(TASK DIRECTIONS):
Copy out each line below verbatim, skipping any picture.

*** MATERIAL PROVIDED Section Begins ***

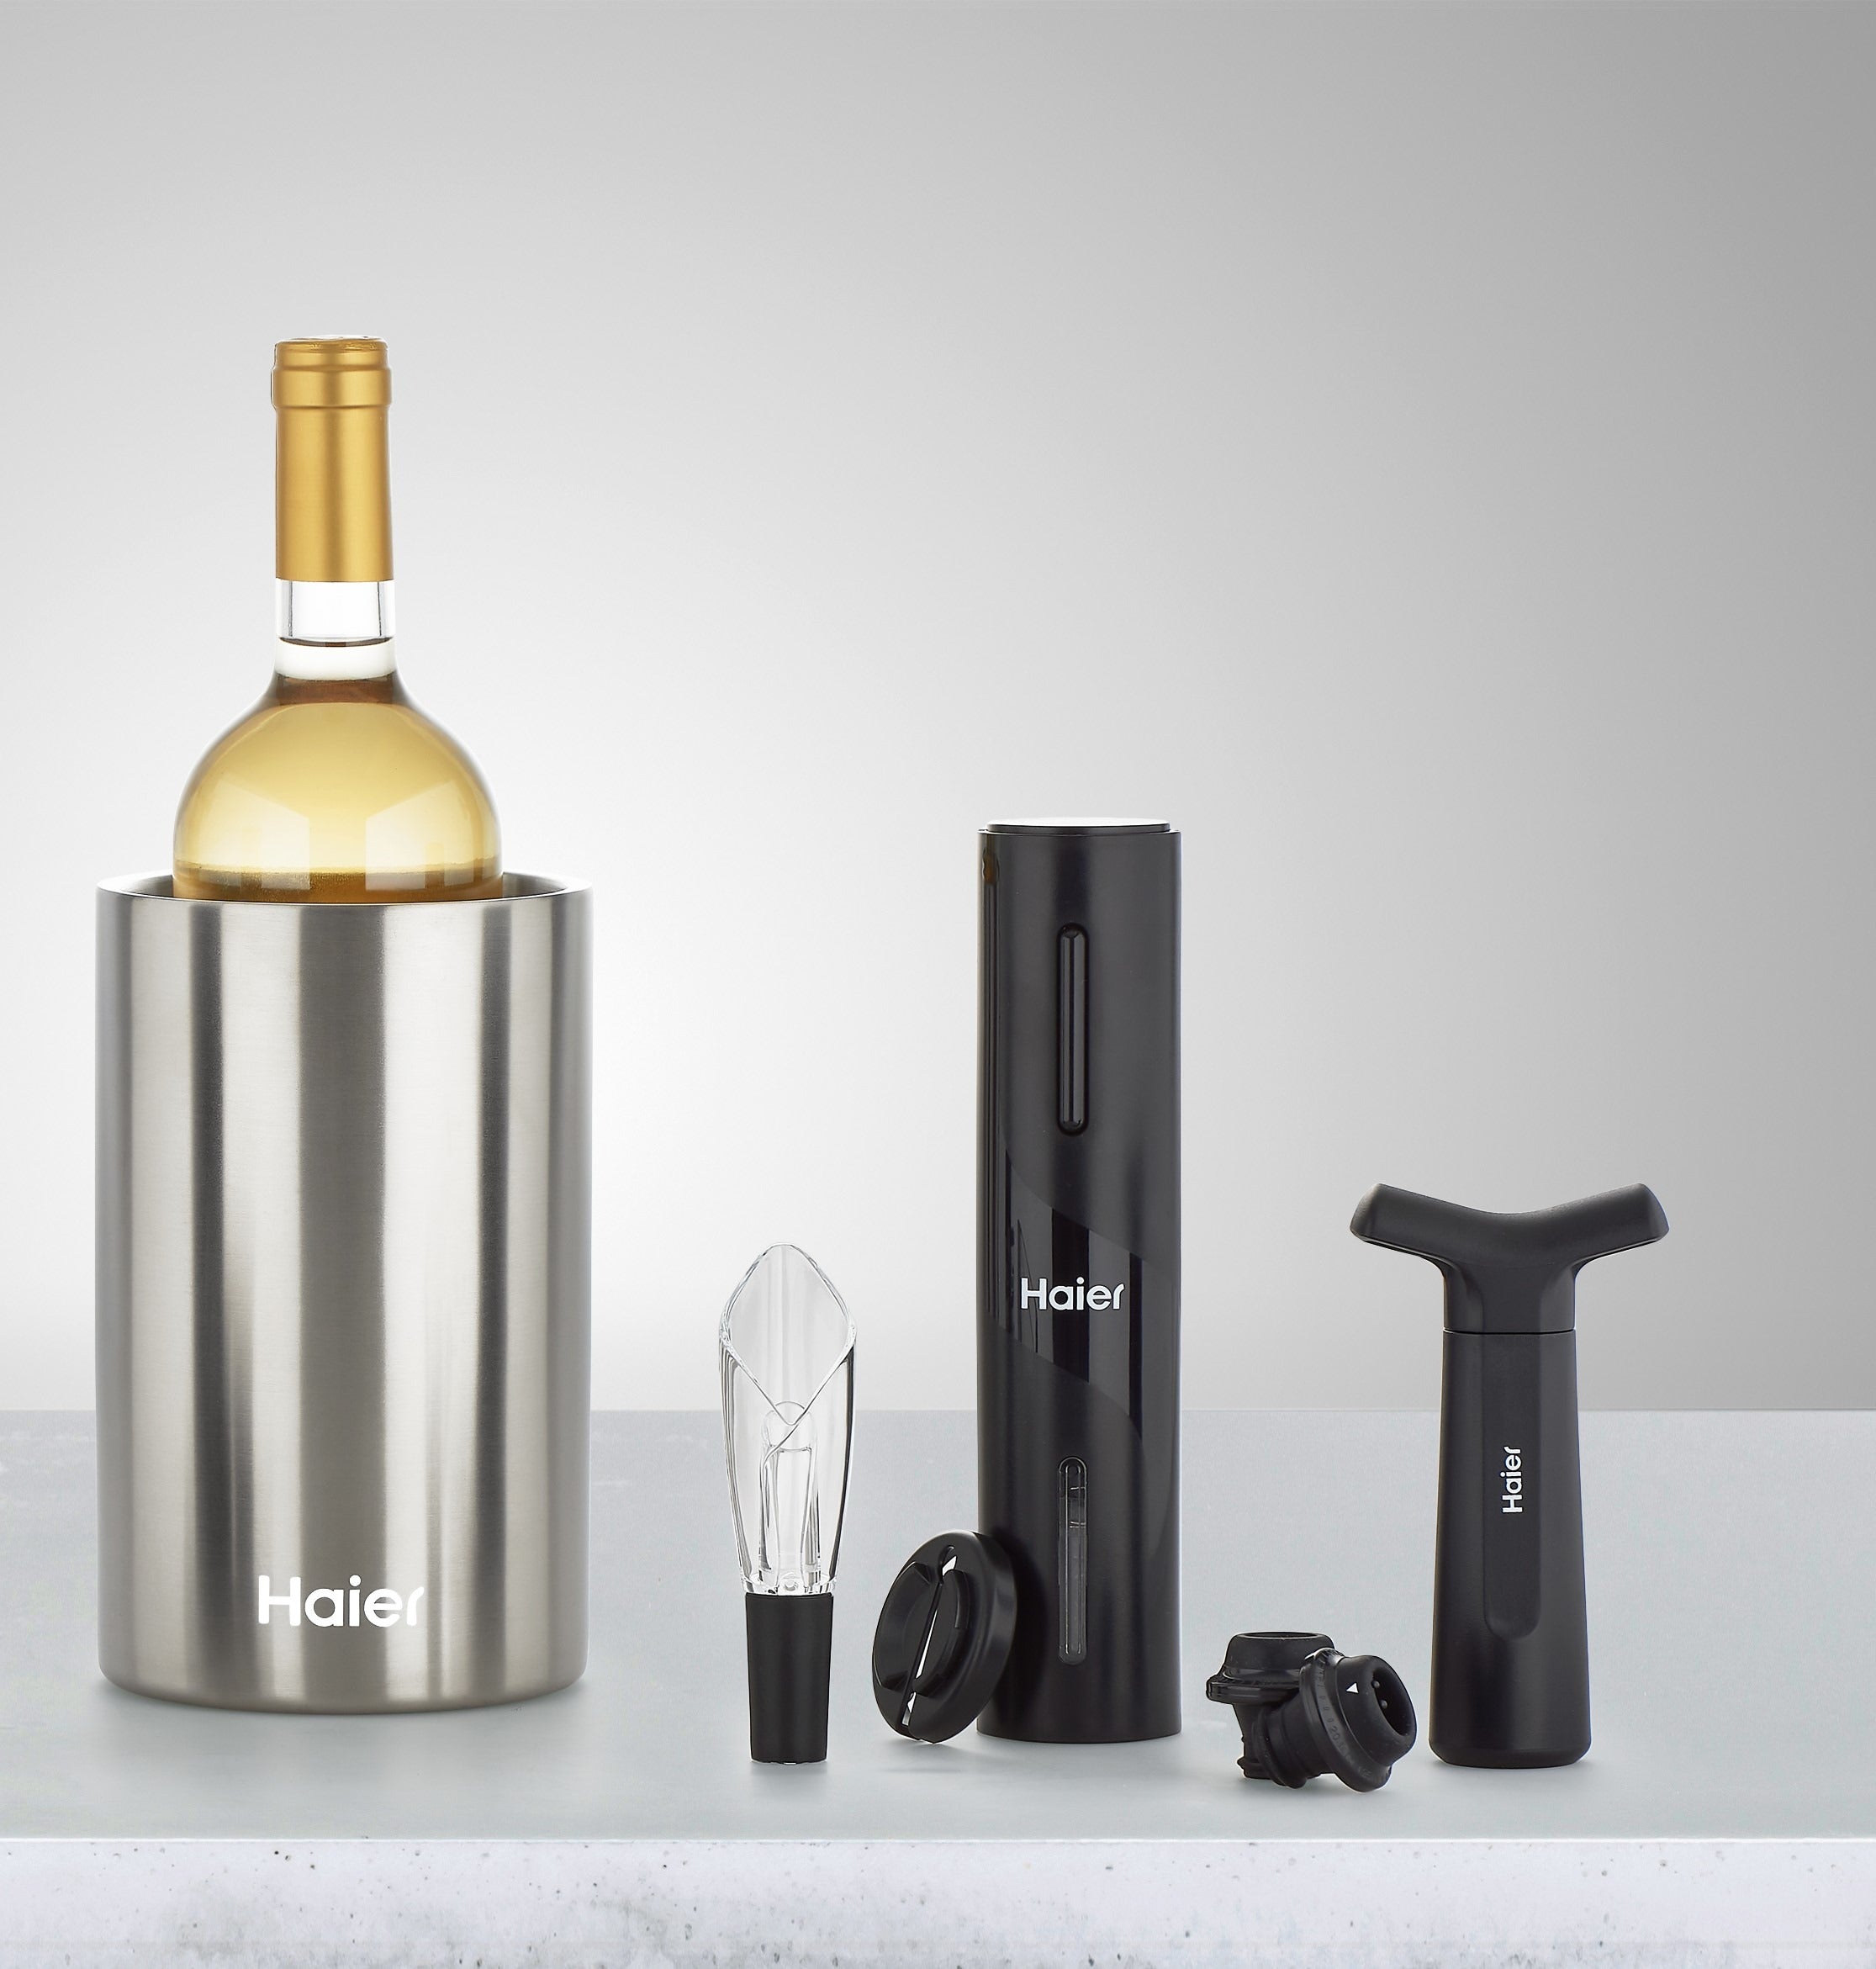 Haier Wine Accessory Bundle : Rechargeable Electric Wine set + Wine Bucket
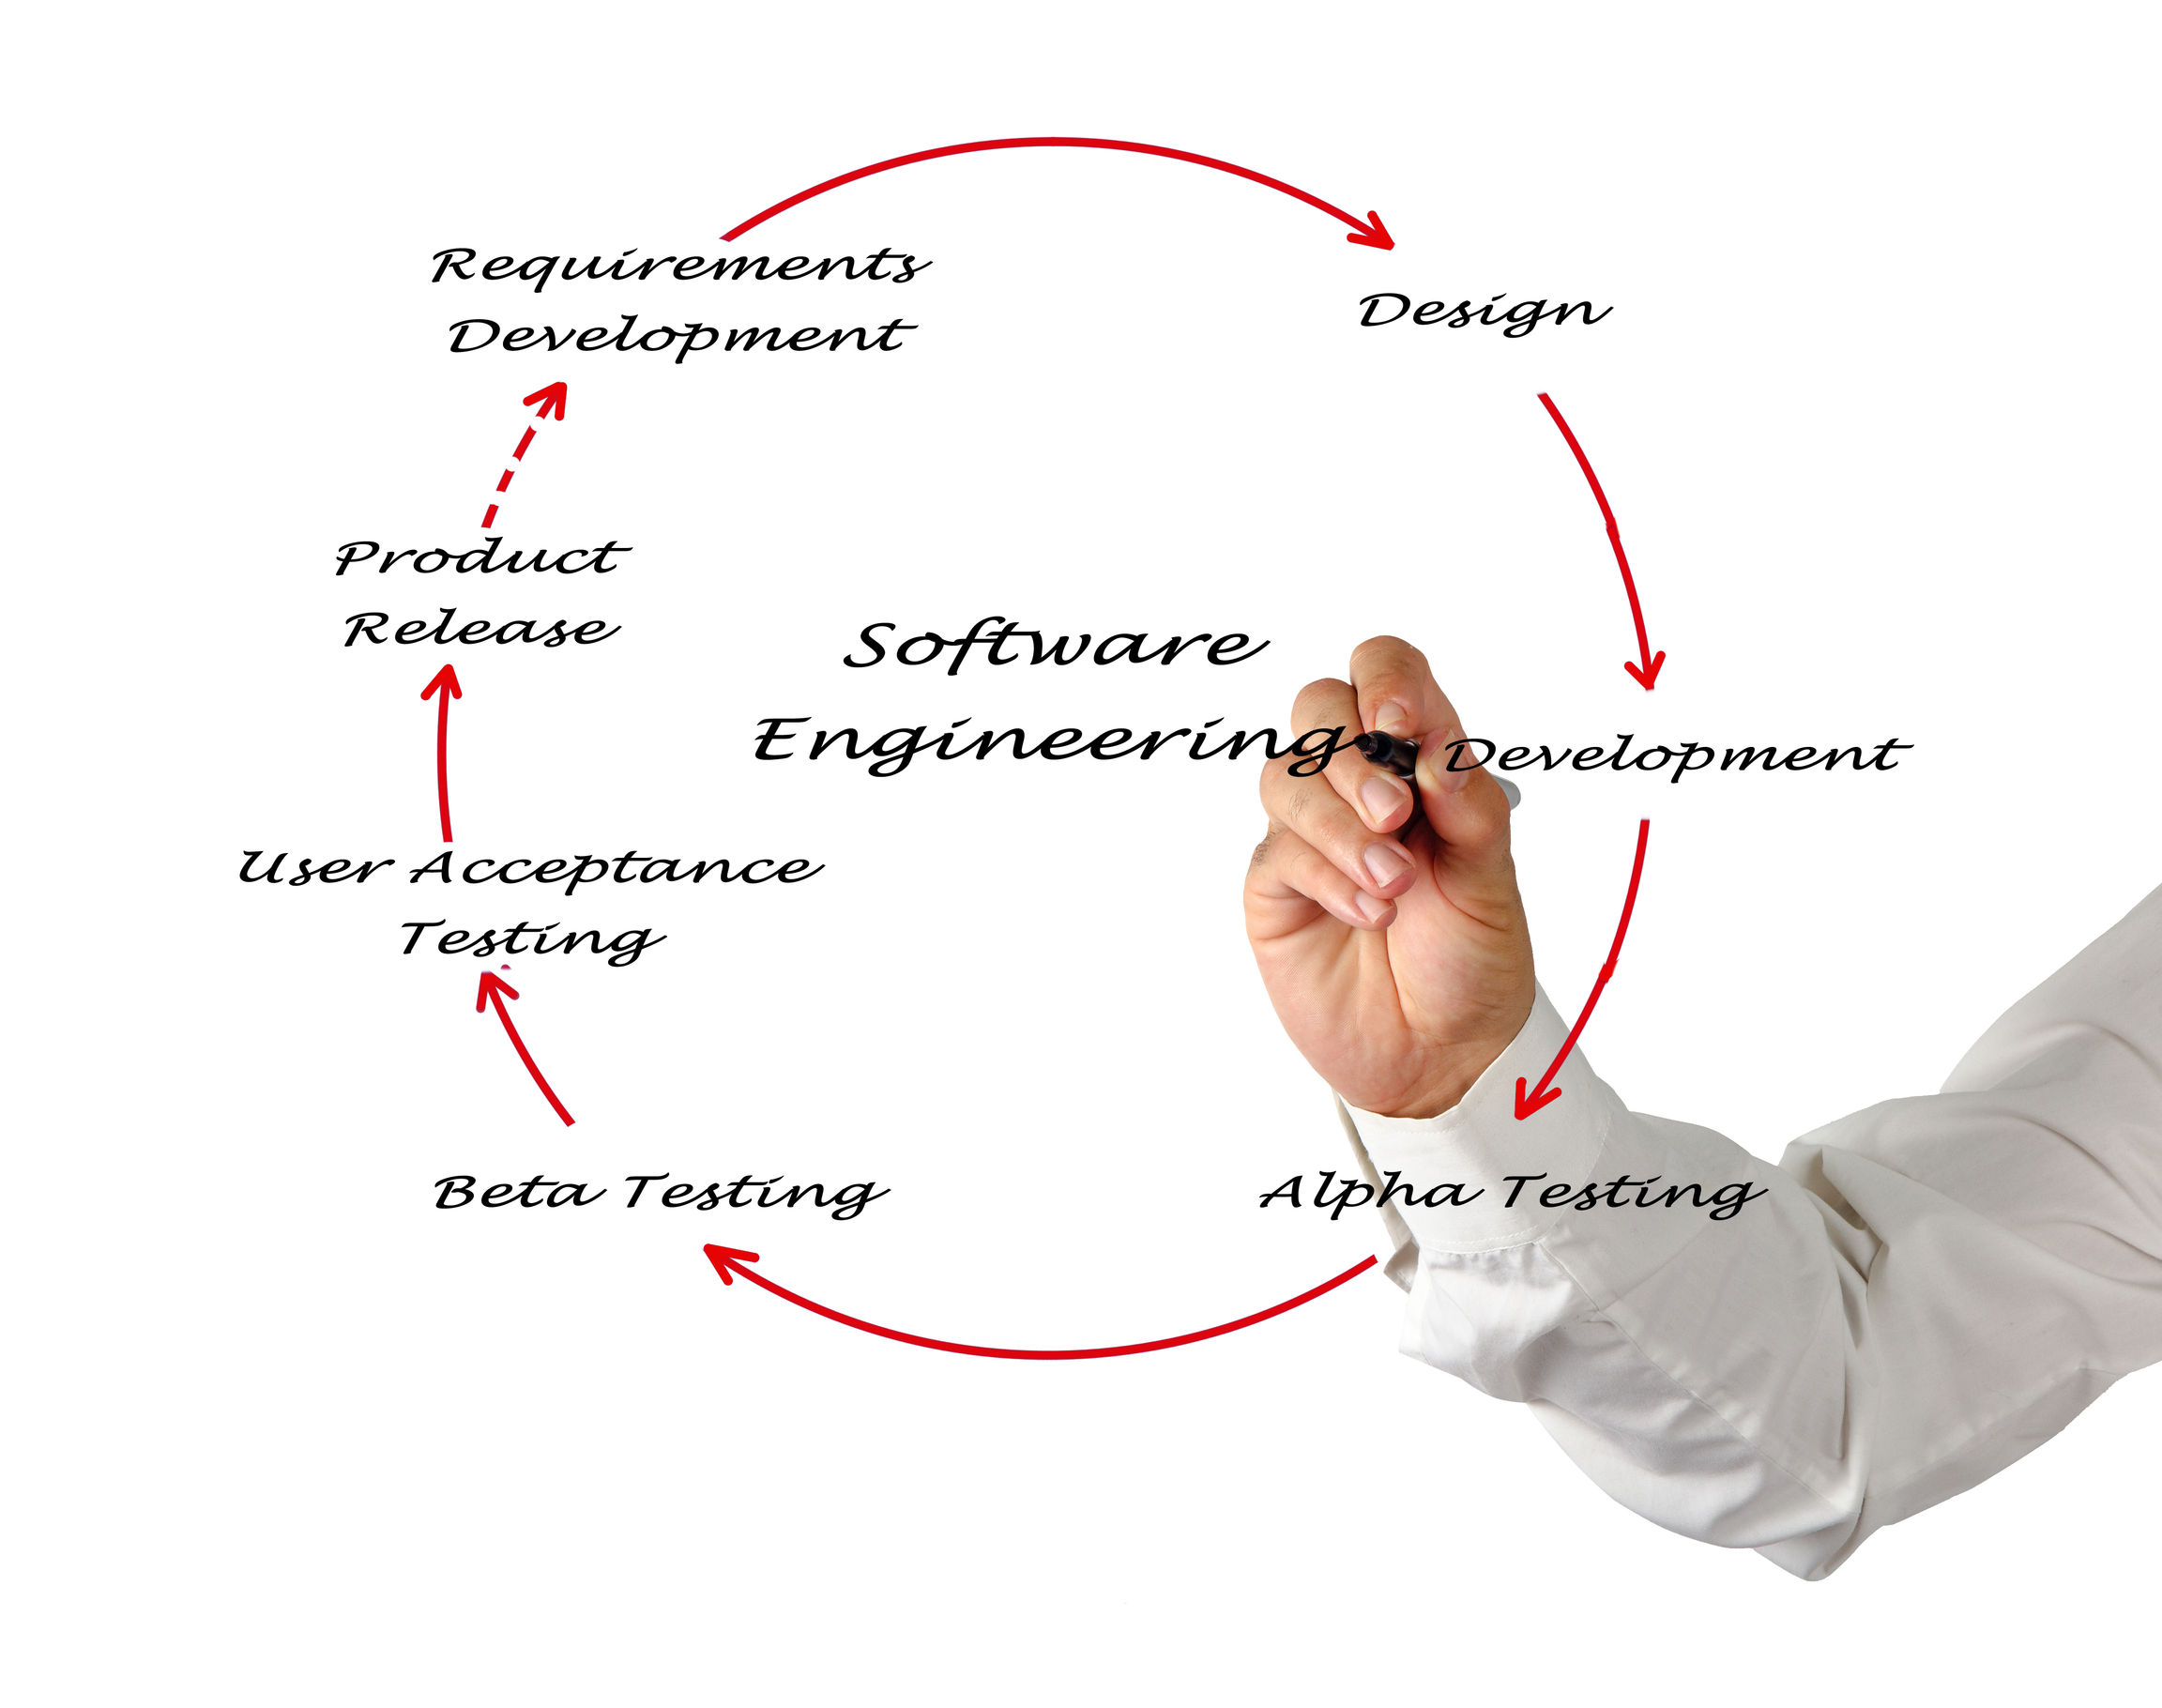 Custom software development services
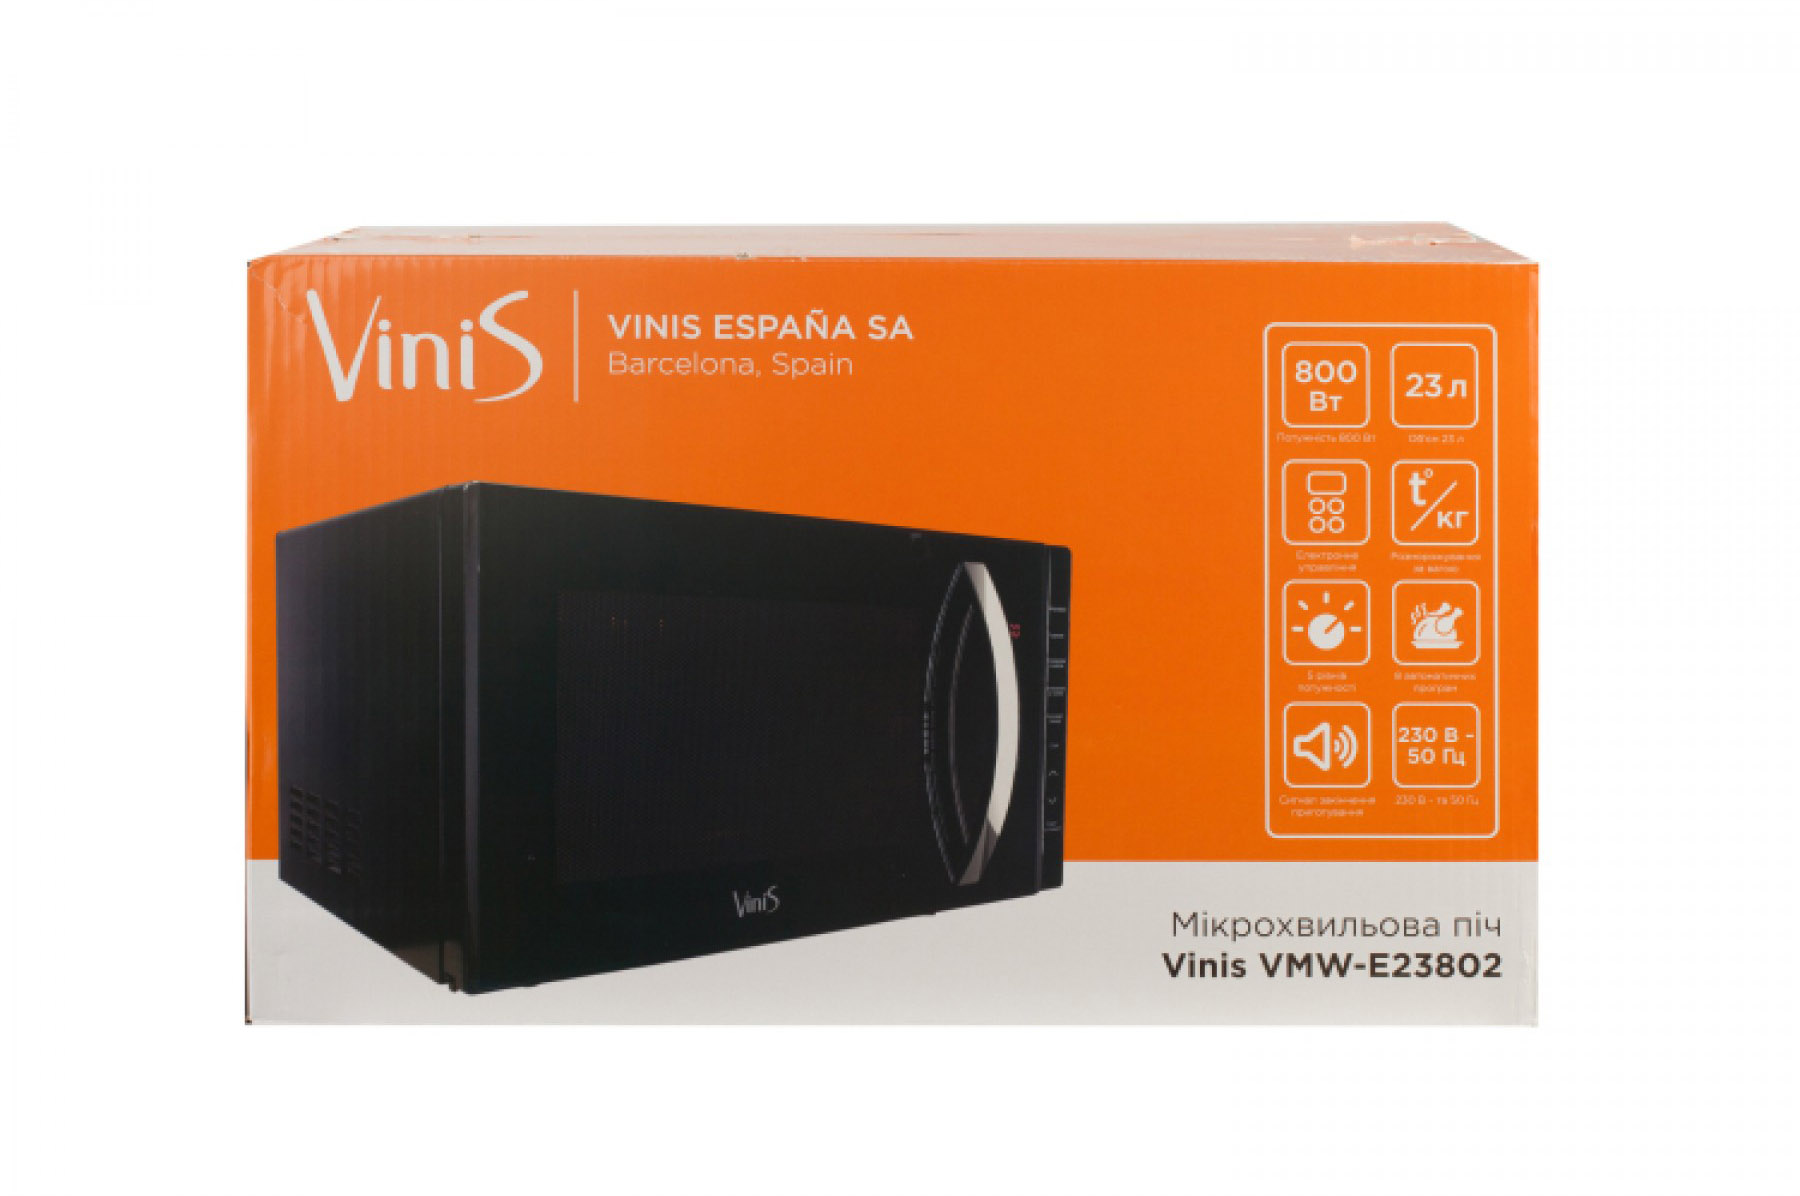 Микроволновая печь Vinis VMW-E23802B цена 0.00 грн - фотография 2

*** MATERIAL PROVIDED Section Ends ***

(TASK RESULT):
 Haier Wine Accessory Bundle : Rechargeable Electric Wine set + Wine Bucket
 Custom software development services
 Микроволновая печь Vinis VMW-E23802B цена 0.00 грн - фотография 2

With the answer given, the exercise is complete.